### [RECORDED DATA]
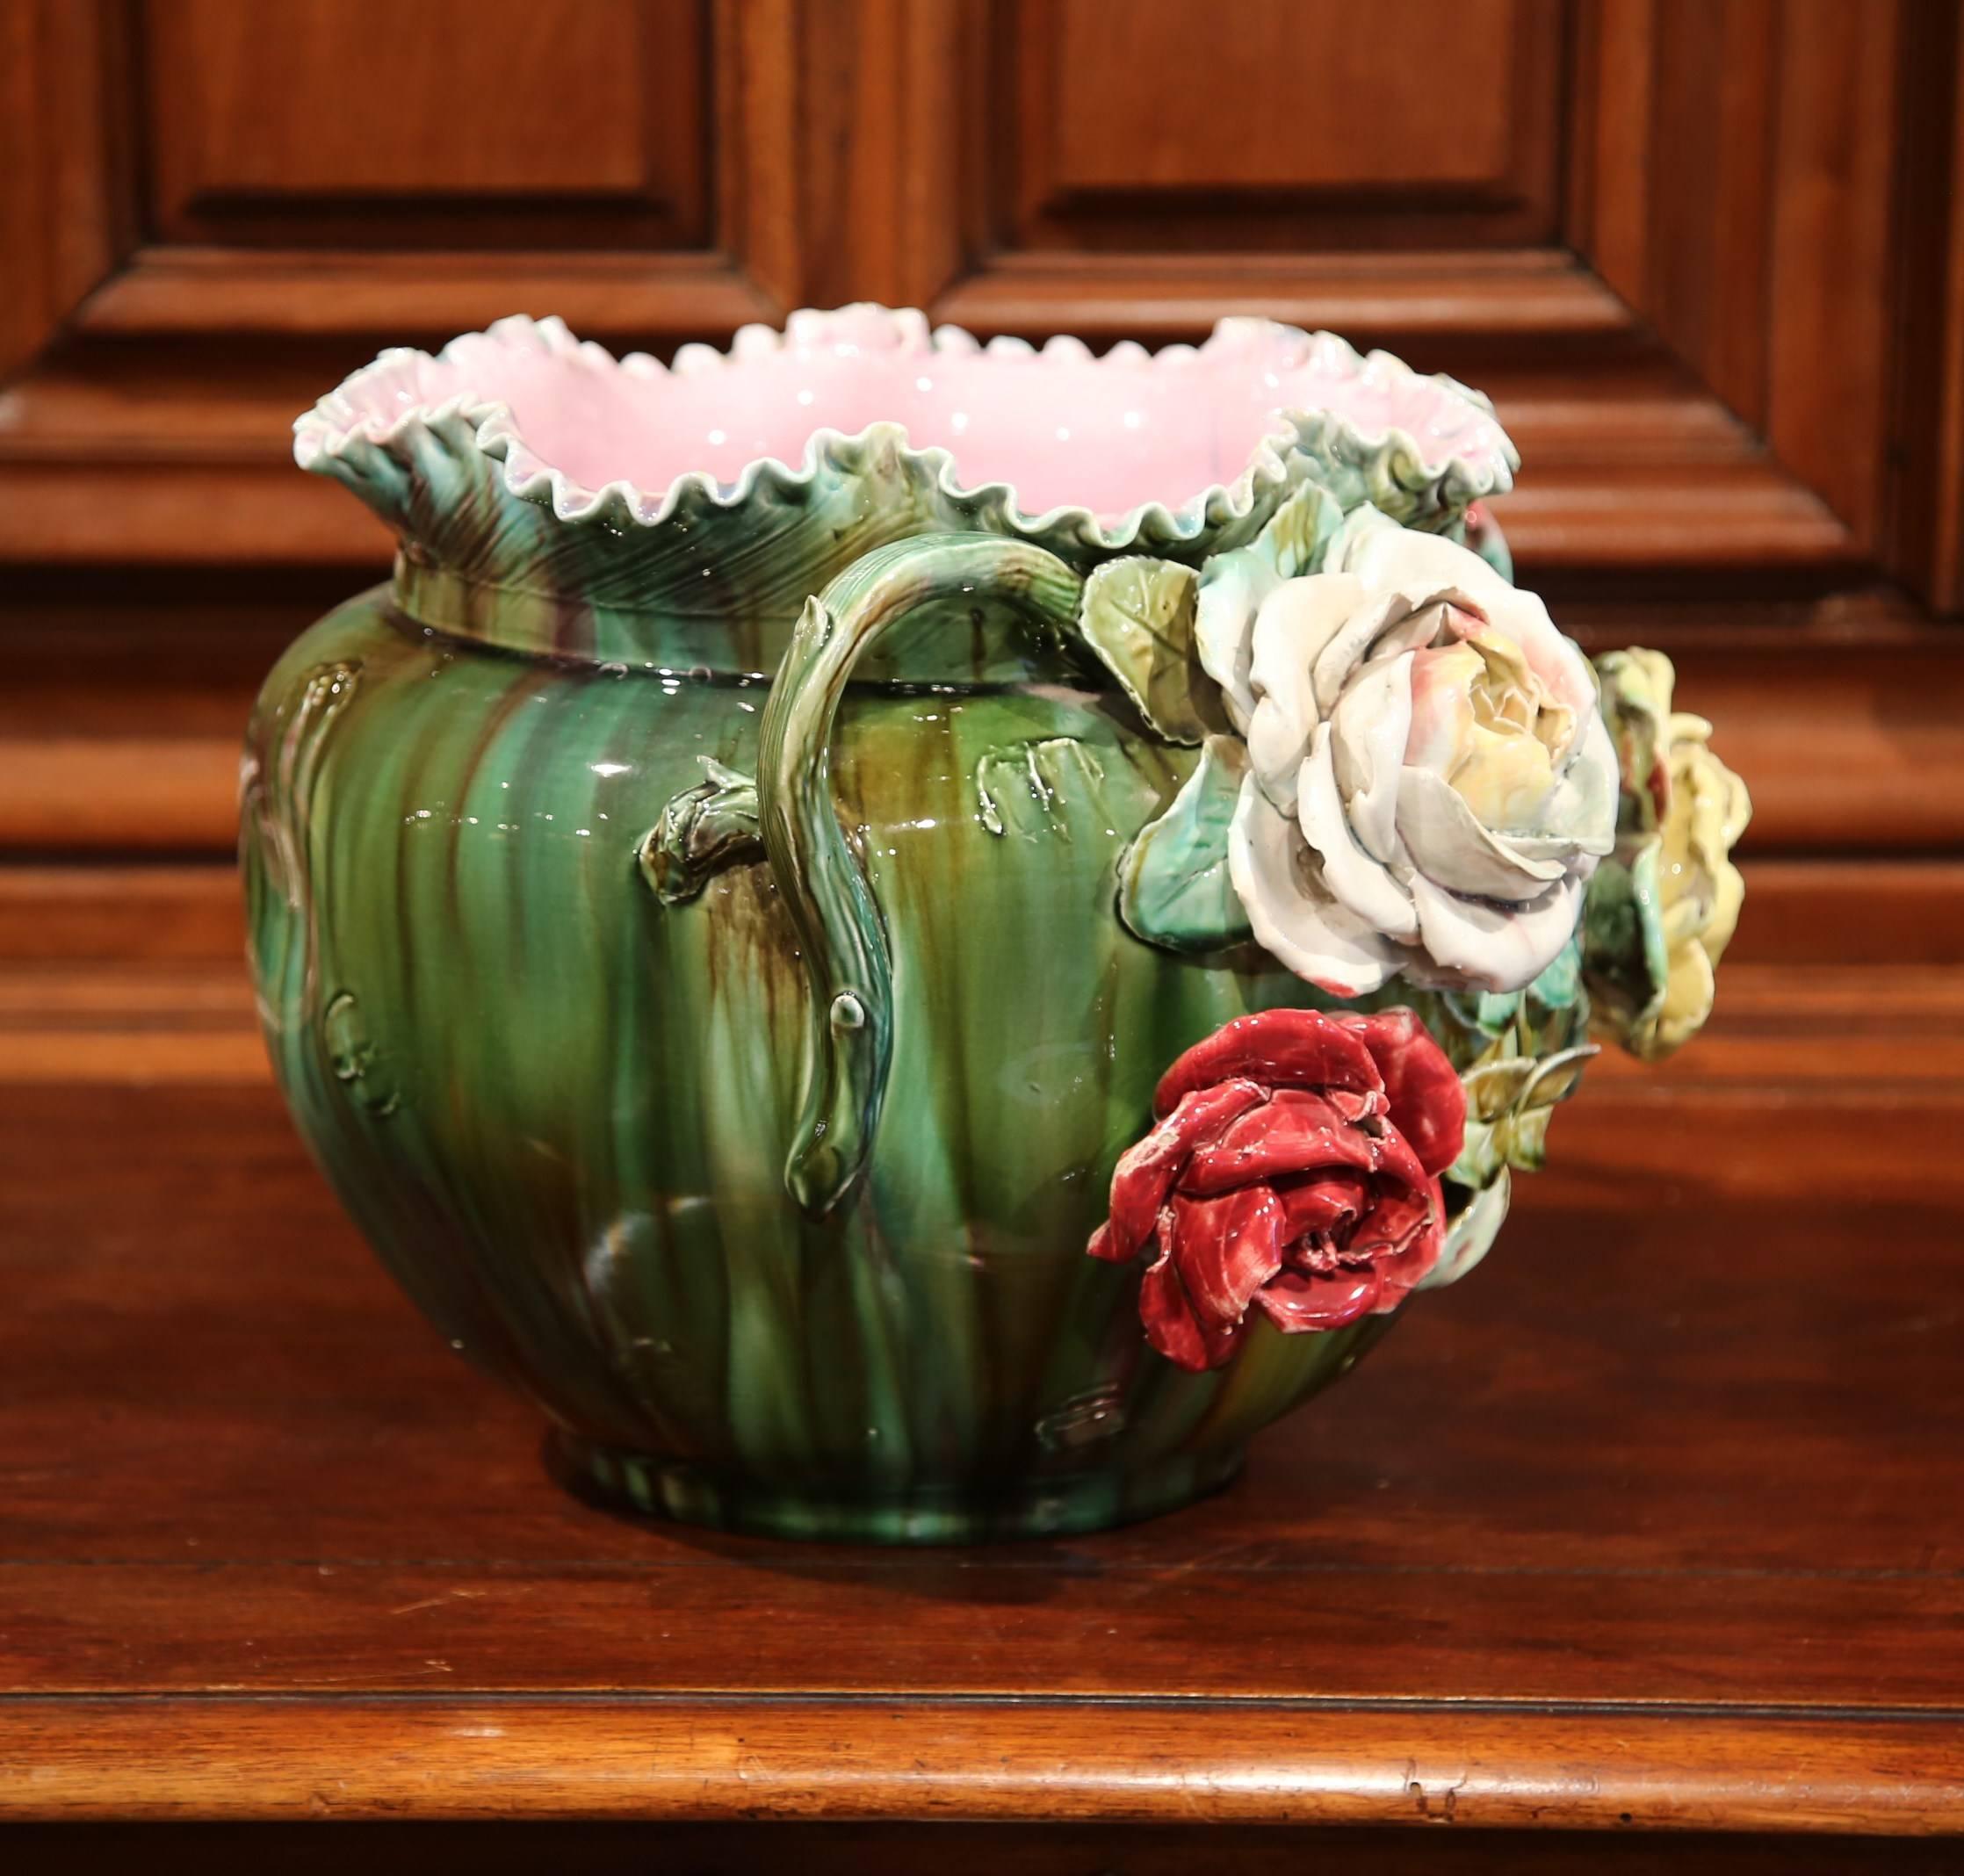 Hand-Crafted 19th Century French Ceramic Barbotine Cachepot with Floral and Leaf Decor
==
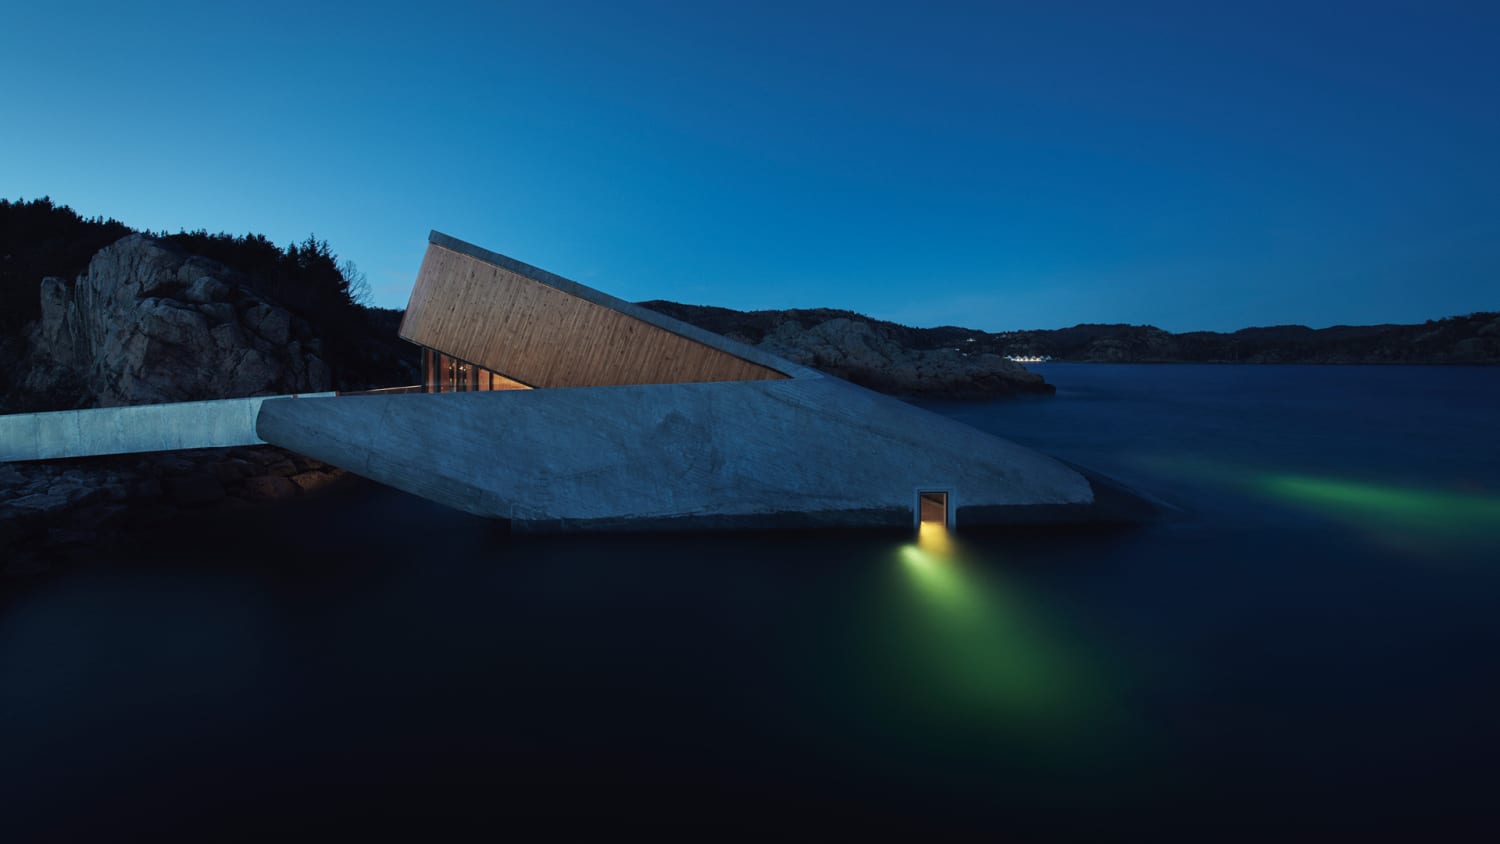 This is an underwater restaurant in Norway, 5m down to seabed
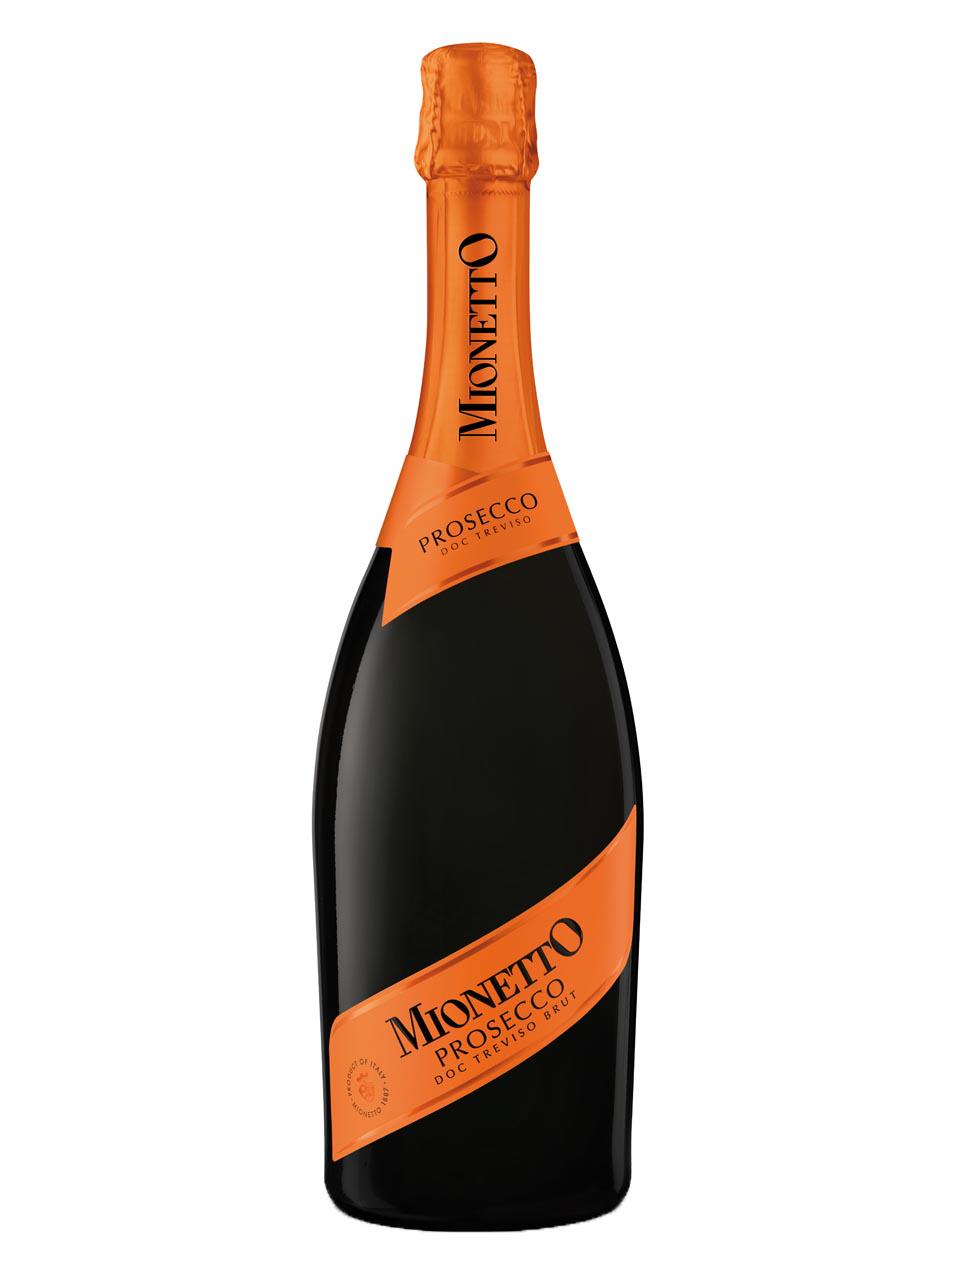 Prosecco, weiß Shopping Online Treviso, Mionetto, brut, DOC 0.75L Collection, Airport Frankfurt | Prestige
* * *
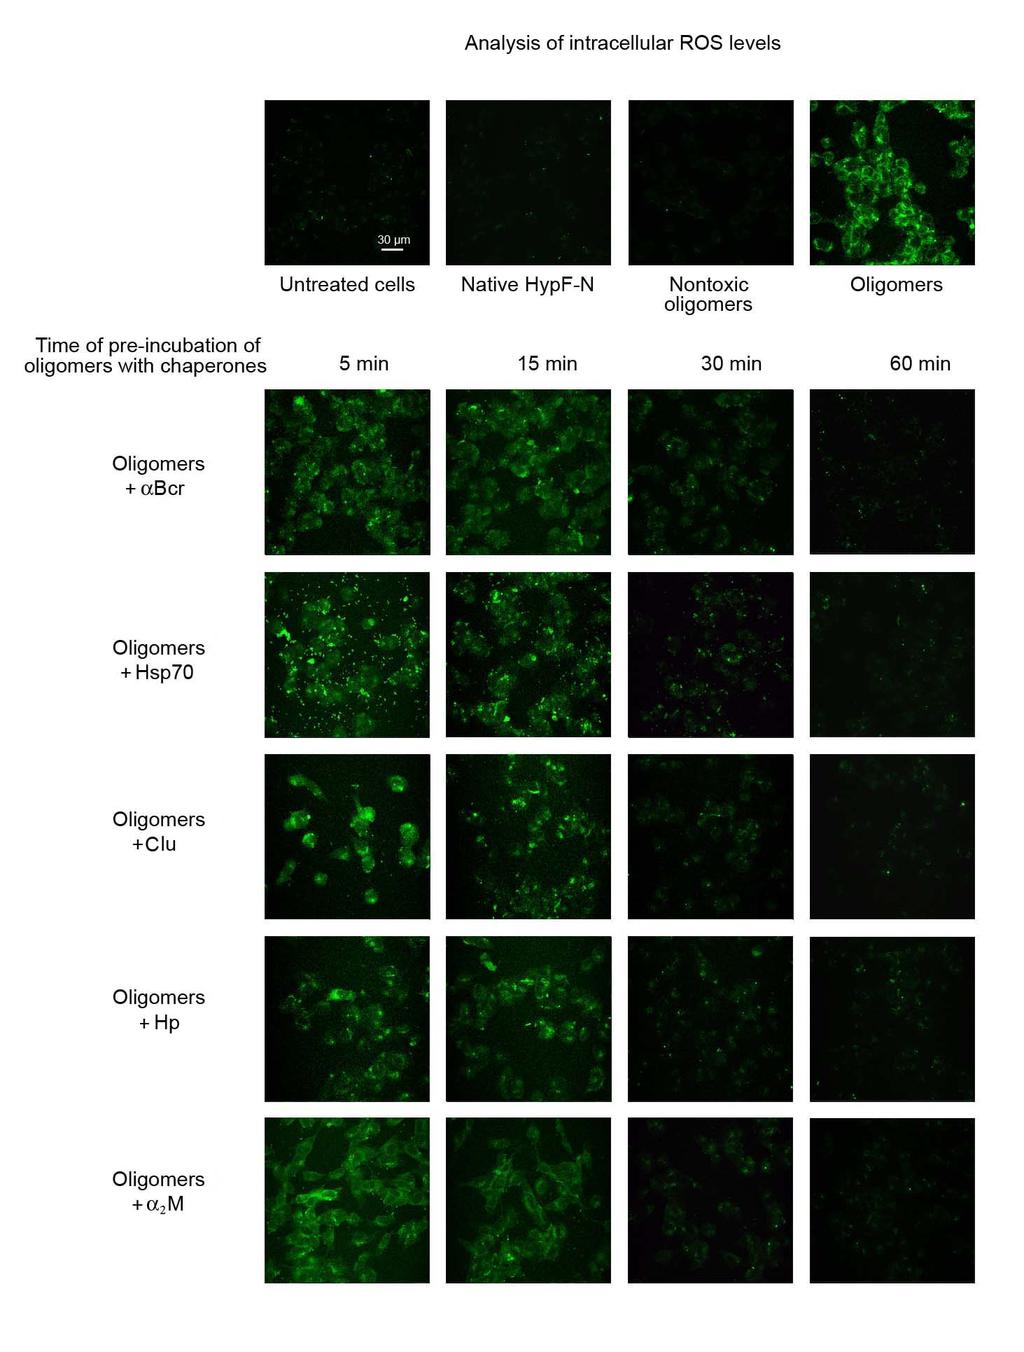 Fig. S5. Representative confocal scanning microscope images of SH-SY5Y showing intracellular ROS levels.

### [REQUIRED WORK]
Pictures aside, return exactly the lines from the data above, starting at the line that has "This is an underwater" and ending at the line that has "Prosecco, weiß Shopping", both included.

### [RESULT OF THIS TASK]
 This is an underwater restaurant in Norway, 5m down to seabed
 Prosecco, weiß Shopping Online Treviso, Mionetto, brut, DOC 0.75L Collection, Airport Frankfurt | Prestige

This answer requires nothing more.